SPRUCE-scraper/spruce/cli.py

"""
Command-line interface for the spruce scraper.
"""

import argparse
import logging
import os
import sys
from pathlib import Path

import yaml

from spruce.orchestrator import scrape_machine, RunStats
from spruce.parsers import parse_machine_option
from spruce.progress import ProgressTracker, CsvWriter
from spruce.recheck import recheck_archive, recheck_tile_files
from spruce.settings import (
    DEFAULT_CONFIG,
    MAX_SAFE_WORKERS,
    PROGRESS_FILENAME,
    SCANS_CSV_FIELDS,
    SCANS_CSV_FILENAME,
    TILES_CSV_FIELDS,
    TILES_CSV_FILENAME,
    _clamp_workers,
    load_config,
)
from spruce.session import MachineSession

import requests
from bs4 import BeautifulSoup
from urllib.parse import urljoin

log = logging.getLogger(__name__)


def discover_machines(base_url: str, timeout: int = 30) -> list[dict]:
    resp = requests.get(urljoin(base_url, "index.php"), timeout=timeout)
    resp.raise_for_status()
    soup = BeautifulSoup(resp.text, "lxml")
    select = soup.find("select", {"name": "RTLNAME"})
    if not select:
        log.warning("Could not find machine selector on login page.")
        return []
    return [
        parse_machine_option(opt.get_text(strip=True), opt["value"])
        for opt in select.find_all("option")
    ]


def parse_args() -> argparse.Namespace:
    p = argparse.ArgumentParser(
        description="Archive minirhizotron image tiles from RootView.",
        formatter_class=argparse.RawDescriptionHelpFormatter,
    )
    p.add_argument(
        "--config",
        default=DEFAULT_CONFIG,
        metavar="FILE",
        help=f"YAML config file (default: {DEFAULT_CONFIG})",
    )
    p.add_argument(
        "--machine",
        metavar="LABEL",
        help='Scrape only this machine label, e.g. "BW3-20 [AMR-26]"',
    )
    p.add_argument(
        "--scan-id",
        type=int,
        metavar="ID",
        help="Download only this specific scan ID (use with --machine)",
    )
    p.add_argument(
        "--mosaic-only",
        action="store_true",
        help="Download mosaics only; skip individual tiles",
    )
    p.add_argument(
        "--metadata-only",
        action="store_true",
        help=(
            "Fetch scan parameters only; write metadata.json and scans.csv "
            "rows but skip mosaics and tiles. Very fast — suitable for "
            "inventorying all scans across all machines."
        ),
    )
    p.add_argument(
        "--dry-run",
        action="store_true",
        help="Preview what would be downloaded without saving any files",
    )
    p.add_argument(
        "--workers",
        type=int,
        metavar="N",
        help="Override parallel download threads from config",
    )
    p.add_argument(
        "--list-machines",
        action="store_true",
        help="Print available machines and exit (no credentials needed)",
    )
    p.add_argument(
        "--list-scans",
        action="store_true",
        help="Print all scans for --machine and exit",
    )
    p.add_argument(
        "--recheck",
        action="store_true",
        help=(
            "Scan the archive for zero-byte or missing tile files whose URLs "
            "are marked complete in .progress.json, remove them from progress, "
            "and report how many were re-queued. Run before resuming after a crash."
        ),
    )
    p.add_argument(
        "--verbose",
        "-v",
        action="store_true",
        help="Enable debug logging",
    )
    return p.parse_args()


def main() -> None:
    logging.basicConfig(
        level=logging.INFO,
        format="%(asctime)s  %(levelname)-8s  %(message)s",
        datefmt="%H:%M:%S",
    )
    args = parse_args()

    if args.verbose:
        logging.getLogger().setLevel(logging.DEBUG)
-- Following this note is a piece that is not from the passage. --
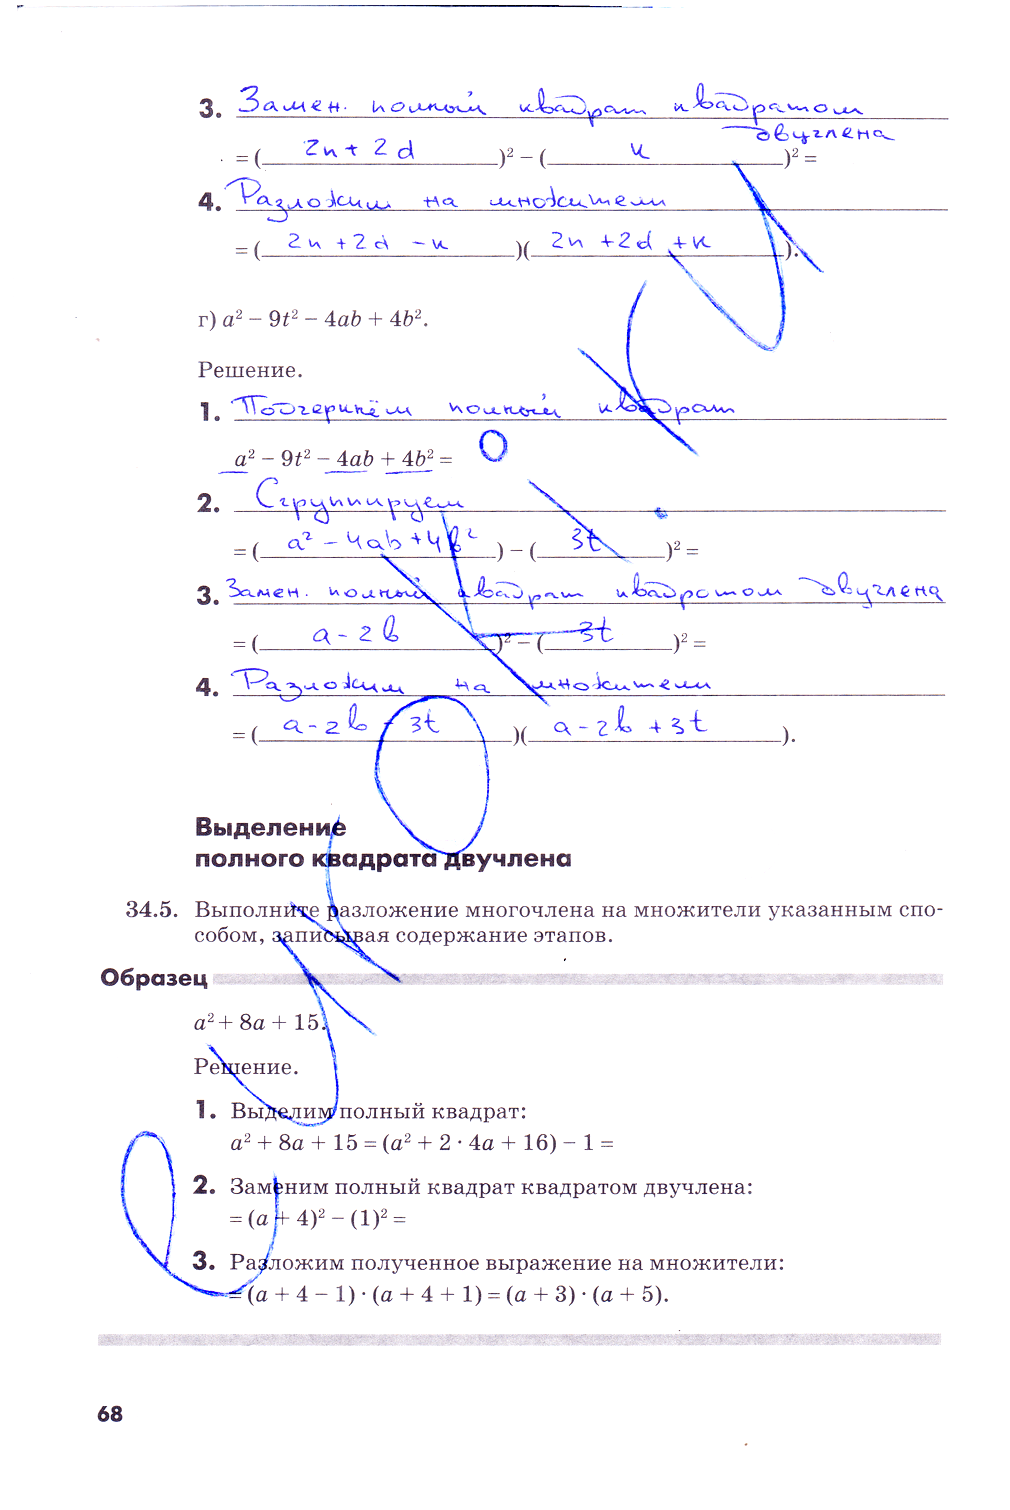 гдз 7 класс рабочая тетрадь часть 2 страница 68 алгебра Зубарева, Мильштейн

    # --list-machines doesn't need credentials
    if args.list_machines:
        base_url = "http://205.149.147.131:8010/"
        timeout = 30
        if os.path.exists(args.config):
            cfg = yaml.safe_load(open(args.config))
            base_url = cfg.get("base_url", base_url)
            timeout = cfg.get("timeout", timeout)
        machines = discover_machines(base_url, timeout)
        print(f"{'Label':<25}  {'ID':>4}  {'IP':<17}  {'Version'}")
        print("-" * 62)
        for m in machines:
            print(
                f"{m['label']:<25}  {m['machine_id']:>4}  {m['ip']:<17}  {m['version']}"
            )
        return

    if not os.path.exists(args.config):
        sys.exit(
            f"Config file '{args.config}' not found.\n"
            f"Copy config.example.yaml to {args.config} and fill in your credentials."
        )

    config = load_config(args.config)
    if args.workers:
        config["workers"] = _clamp_workers(args.workers)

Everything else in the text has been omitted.